This article is meant to be complementary to the next few articles where we look into some algorithms that identify liquidity zones in an assets price data. It is not absolutely necessary to read but, especially if you're not familiar with data analysis or machine learning it is highly recommend you familiarize yourself with this topic as it will help you understand the next couple of articles.
The concept of clustering is basically the means of grouping certain points in data in categories based on them being similar to each other. If you are familiar with machine learning you'll know that there are two broad categories: supervised learning and unsupervised learning. Since there are no labels in our data (the point is to label it in the first place) clustering comes in handy as it is part of the unsupervised learning methodology.
Clusters are nothing more than simply groups of data that are categorized together based on certain characteristics. There are two types of categorization methods or clustering:
- hard clustering: is one an element is placed in a certain cluster absolutely. This element will usually only be placed in a single cluster.
- soft clustering: rather than placing elements in clusters with certainty, element are "marked" with a probably of belonging in a certain cluster. These probabilities can be distributed across multiple
So in other words clustering is a way of ordering or homogenizing unstructured data. So in this context we can use prices levels, price movements, trading activity and volume to identify liquidity zones buy clustering prices ranges were a lot of activity occurs which will most likely be the place with most liquidity. So this can include support and resistance or areas where stop losses have accumulated. And based on these kinds of historical prices values, we can cluster them as high liquidity prices. This is a really way of analytically categorizing prices.
When prices revert to or hover around certain points, we can consider this a densely traded zone. Densely traded zones are usually associated with high liquidity. So we can cluster areas with high trading activity which we can infer are places where orders are placed. In most analytical trading systems we have a concept of "history repeating itself" or current activity "mirroring" past activity as a general assumption. So if we see price reacting to a certain level historically we can infer that it is an area of interest. Through these clusters we can see that price seems to tend towards certain levels which we will then consider to be our liquidity zones.

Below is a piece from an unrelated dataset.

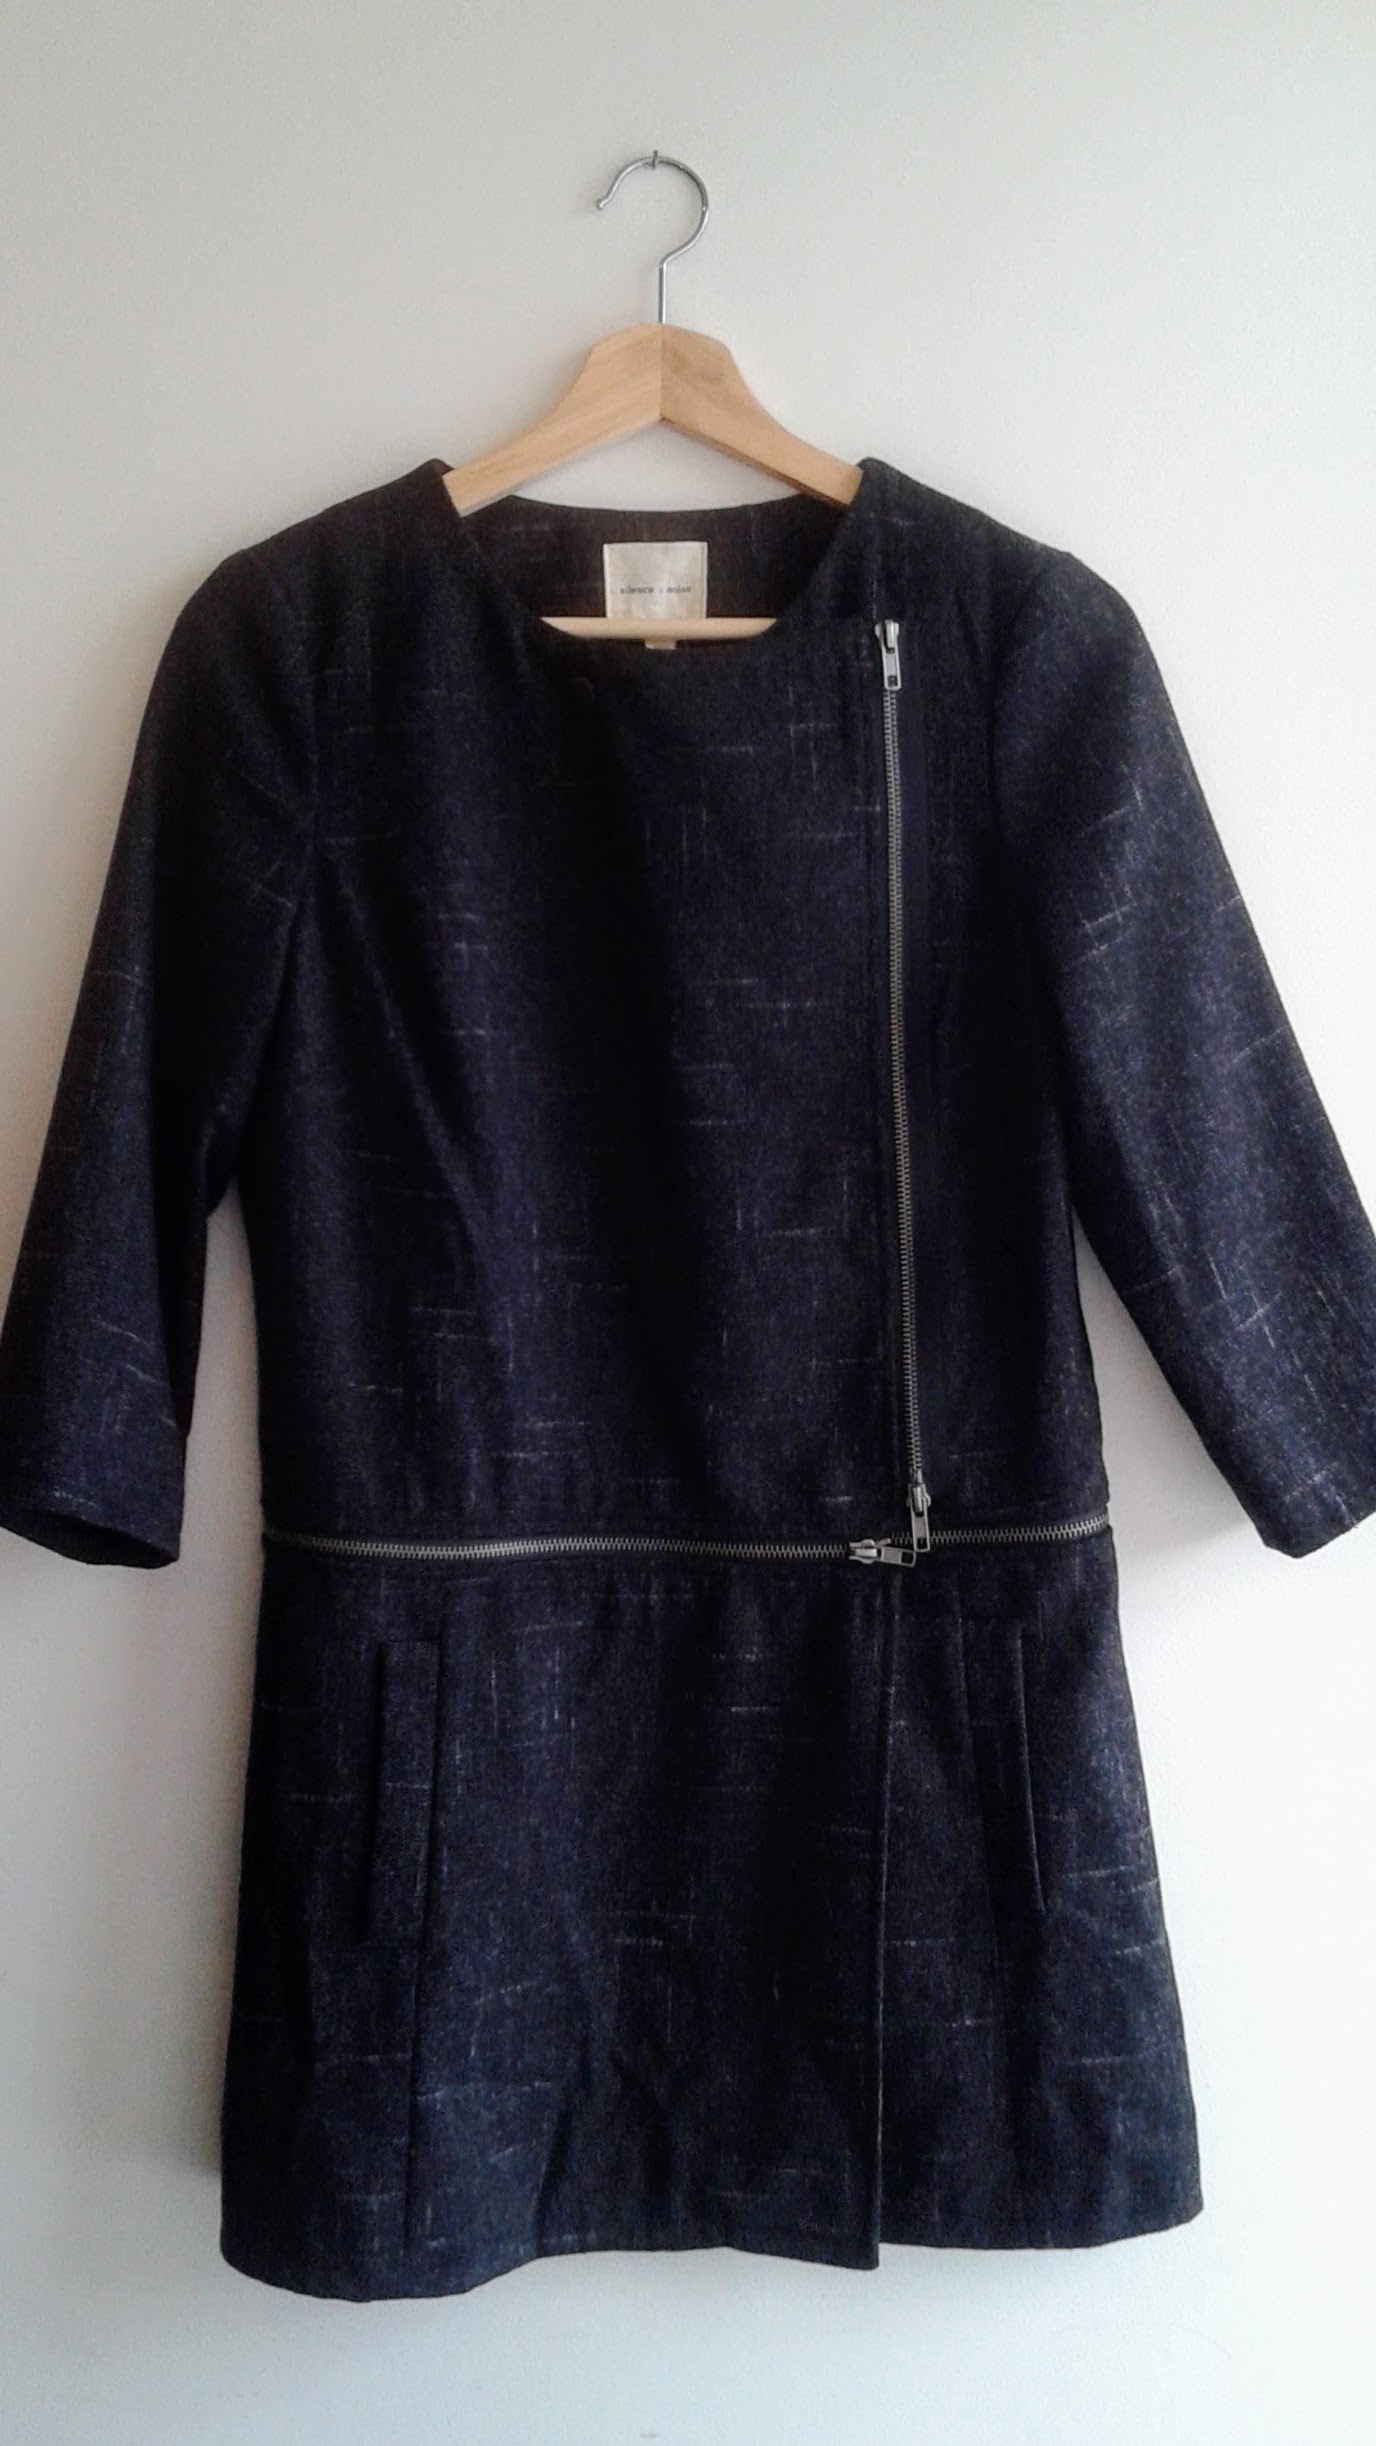 Silence + Noise dress; Size S, $34

I want to cover the limitations of clustering also. First of all is that clustering depends a lot on parameters. So it may require a bit of extra work in terms of getting the goldilocks zone for these parameters just right. Also market structures are dynamic and sometimes change in this structure might not get picked up right away by our algorithms. This is why I like to combine many algorithms before confirming or taking a decision so that way i have more convergence and one method's weak points can be another method's strength.
There are many types of clustering algorithm. But one thing the have in common is the fact that they both use the concept of similarity measurements. In short, these similarity measurements are defined by the density of the clusters and the proximity of the data points within these clusters. This proximity can be literal distance between points in a 2D space and since this is how we can visualize price charts we will take this definition of proximity.
I could go on and on about clustering but I think this information is enough to get a grasp on the topic. Sp I'm going to shut up for now and start working on the actual implementation of this concept in a more practical way.